If it is possible – using software modifications only – to issue shock commands from the Merlin @Home device, then patients with an ICD may be vulnerable in the hypothetical event that their Merlin @Home device becomes remotely compromised by an attacker. Such a compromise might be accomplished remotely via a network attack on a single patient’s Merlin @Home device. Alternatively, a compromise might be accomplished at large scale through a compromise of St. Jude Medical’s server infrastructure.

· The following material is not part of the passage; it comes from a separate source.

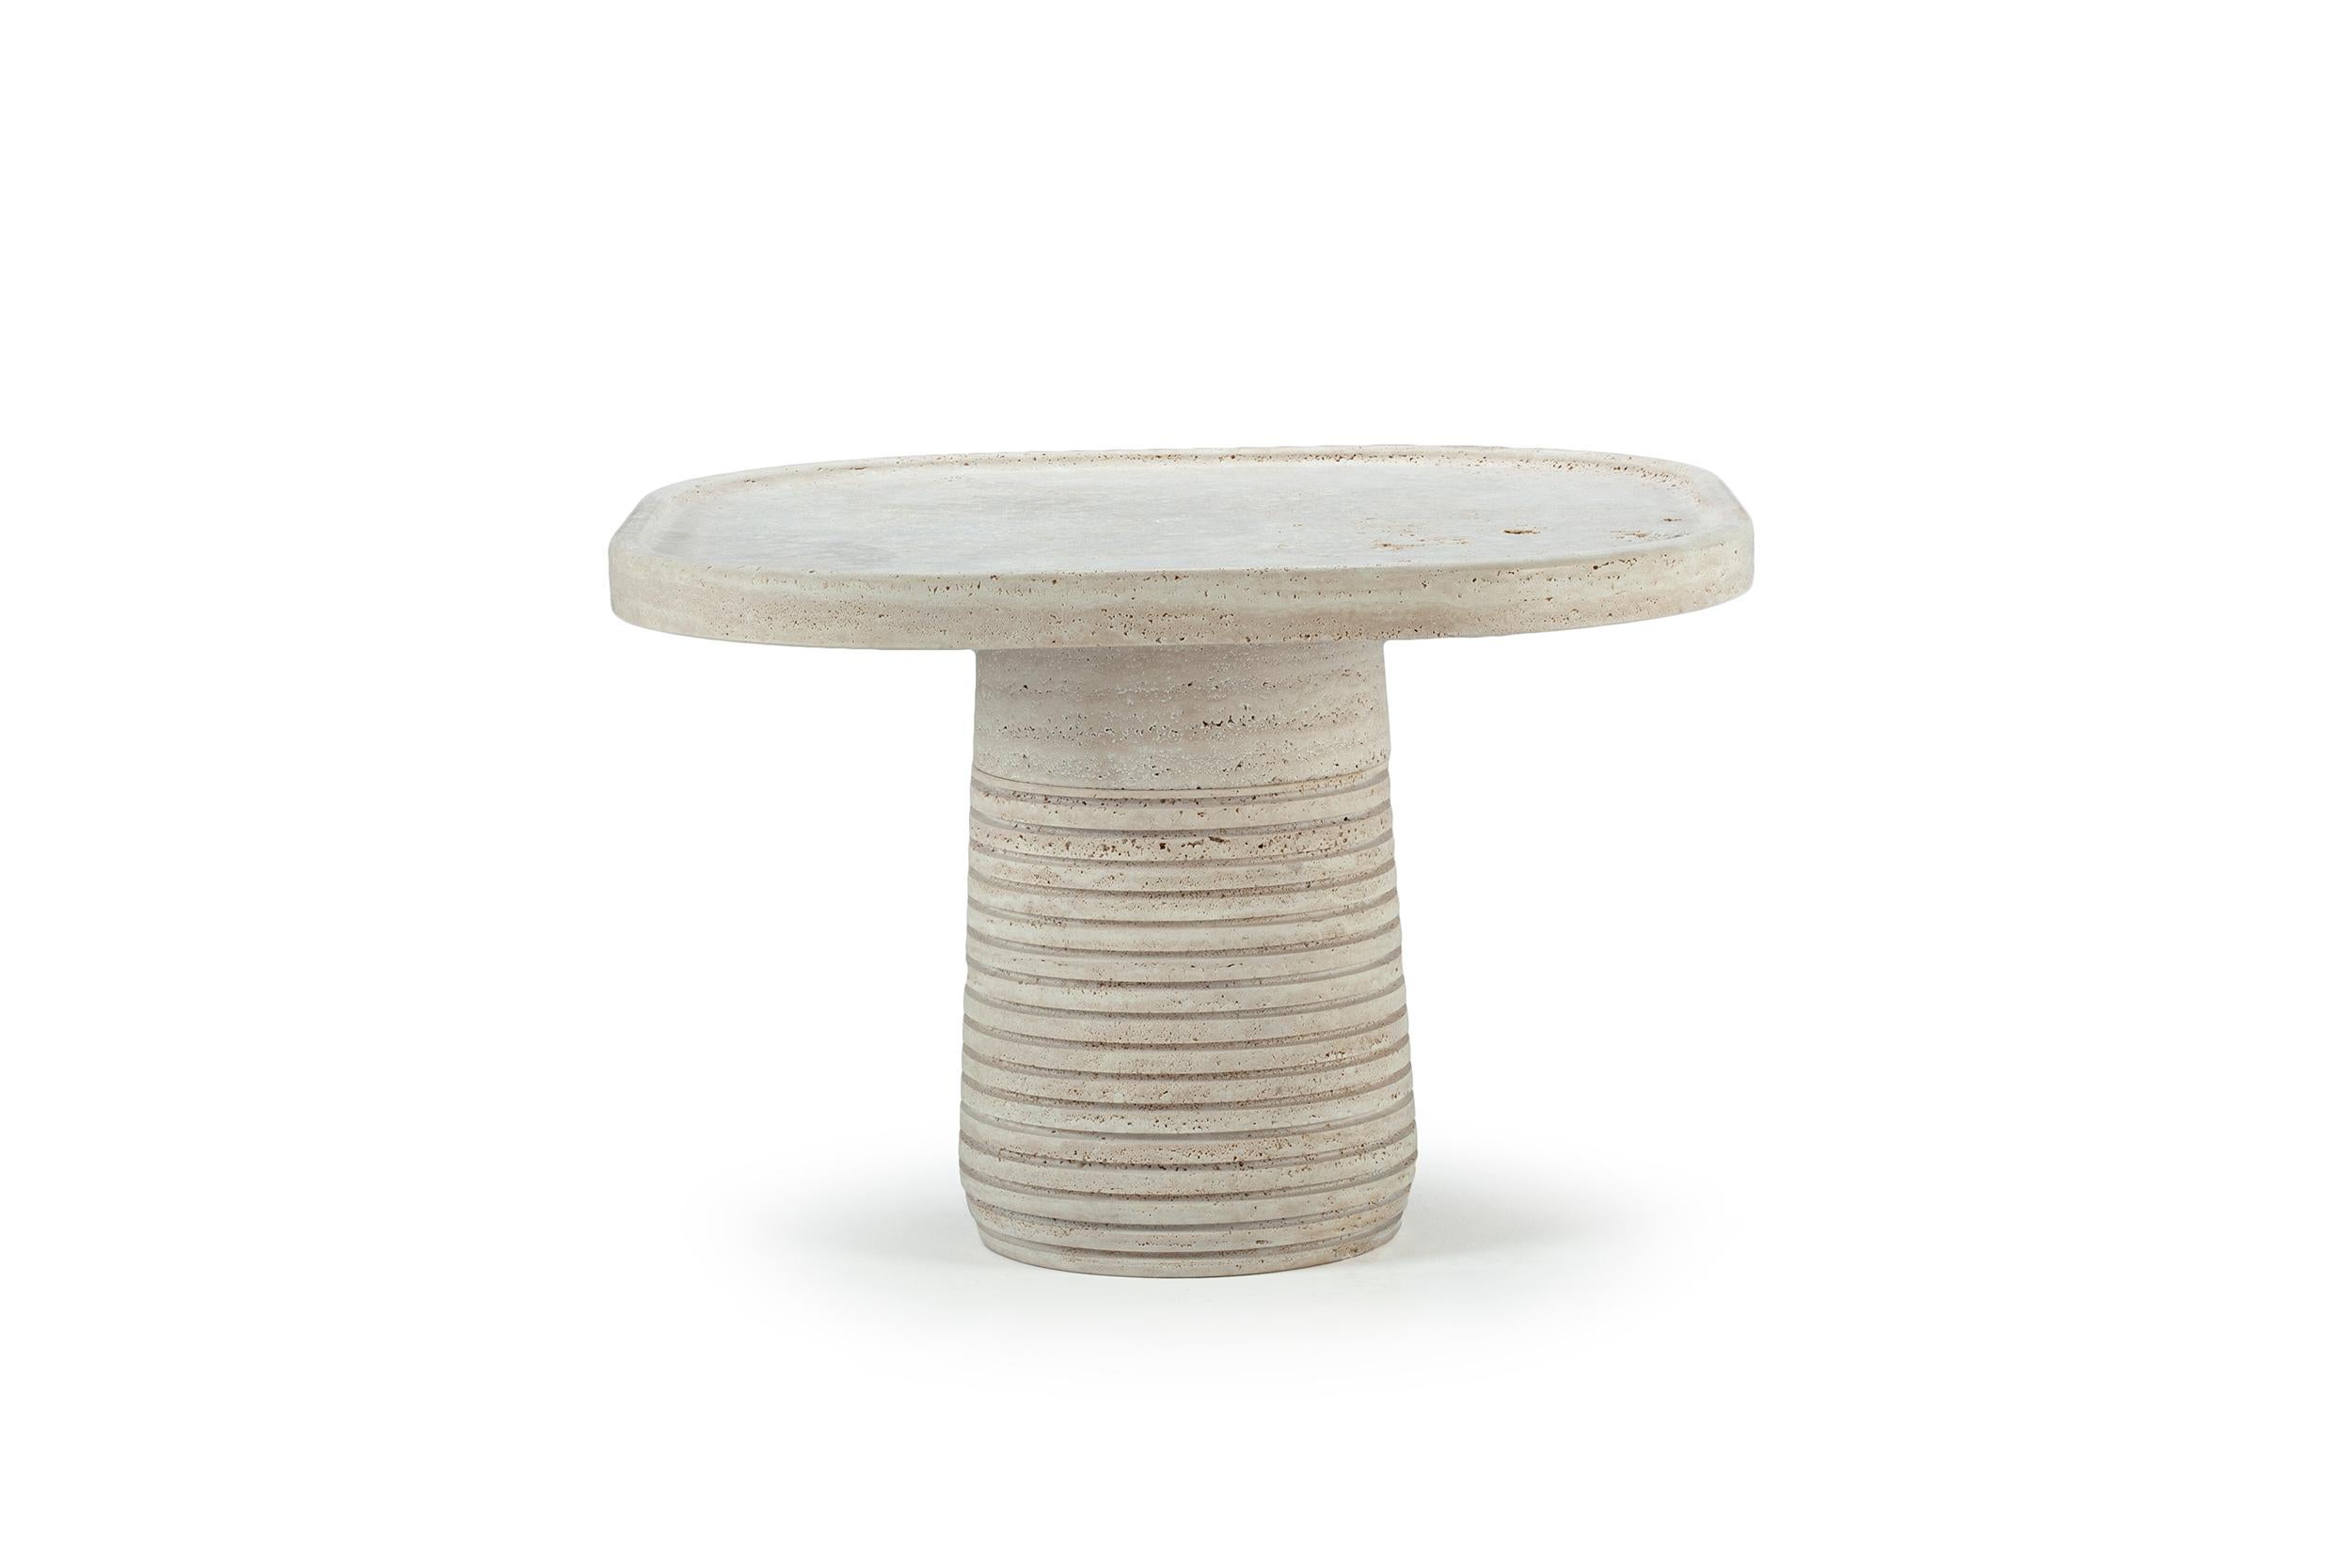 Poppy table is an emblem of nature and organic growth, behind this design lies an essence of naivety effortlessly found within natural forms. Poppy tables are a finely tuned example of how we find elegance within the immediate flow of

We stress that the final scenario is strictly hypothetical. MedSec did not allege a specific vulnerability that allows for the remote compromise of Merlin @Home devices or SJM infrastructure. However, from the perspective of software and network security design, these attacks are one of the potential implications of a design that permits telematics devices to send such commands to an implantable device. It is important to stress that none of these attacks would be possible if St. Jude Medical’s design prohibited the implantable from accepting therapeutic commands from the Merlin @Home device (e.g., by requiring close physical interaction via the EM wand, or by somehow authenticating the provenance of commands and restricting critical commands to be sent by the Programmer only).

Validating MedSec’s claim

To validate MedSec’s claim, we examined their methodology from start to finish. This methodology included extracting and decompiling Java-based software from a single PCS Programmer; accessing a Merlin @Home device to obtain a root shell via the JTAG port; and installing a new package of custom software written by MedSec onto a used Merlin @Home device.

We then observed MedSec issue a series of commands to an ICD device using a Merlin @Home device that had been customized (via software) as described above. We used the Programmer to verify that these commands were successfully received by the implantable device, and physically confirmed that MedSec had induced shocks by attaching a multimeter to the leads on the implantable device.

Finally, we reproduced MedSec’s claims by opening the case of a second Merlin @Home device (after verifying that the tape was intact over the screw holes), obtaining a shell by connecting a laptop computer to the JTAG port, and installing MedSec’s software on the device. We were then able to issue commands to the ICD from a distance of several feet. This process took us less than three hours in total, and required only inexpensive tools and a laptop computer.

What are the technical details of the attack?

Simply reproducing a claim is only part of the validation process. To verify MedSec’s claims we also needed to understand why the attack described above was successful. Specifically, we were interested in identifying the security design issues that make it possible for a Merlin @Home device to successfully issue commands that are not intended to be issued from this type of device. The answer to this question is quite technical, and involves the specific way that SJM implantable devices verify commands before accepting them.

MedSec described to us the operation of SJM’s command protocol as part of their demonstration. They also provided us with Java JAR executable code files taken from the hard drive of the PCS Programmer. These files, which are not obfuscated and can easily be “decompiled” into clear source code, contain the software responsible for implementing the Programmer-to-Device communications protocol.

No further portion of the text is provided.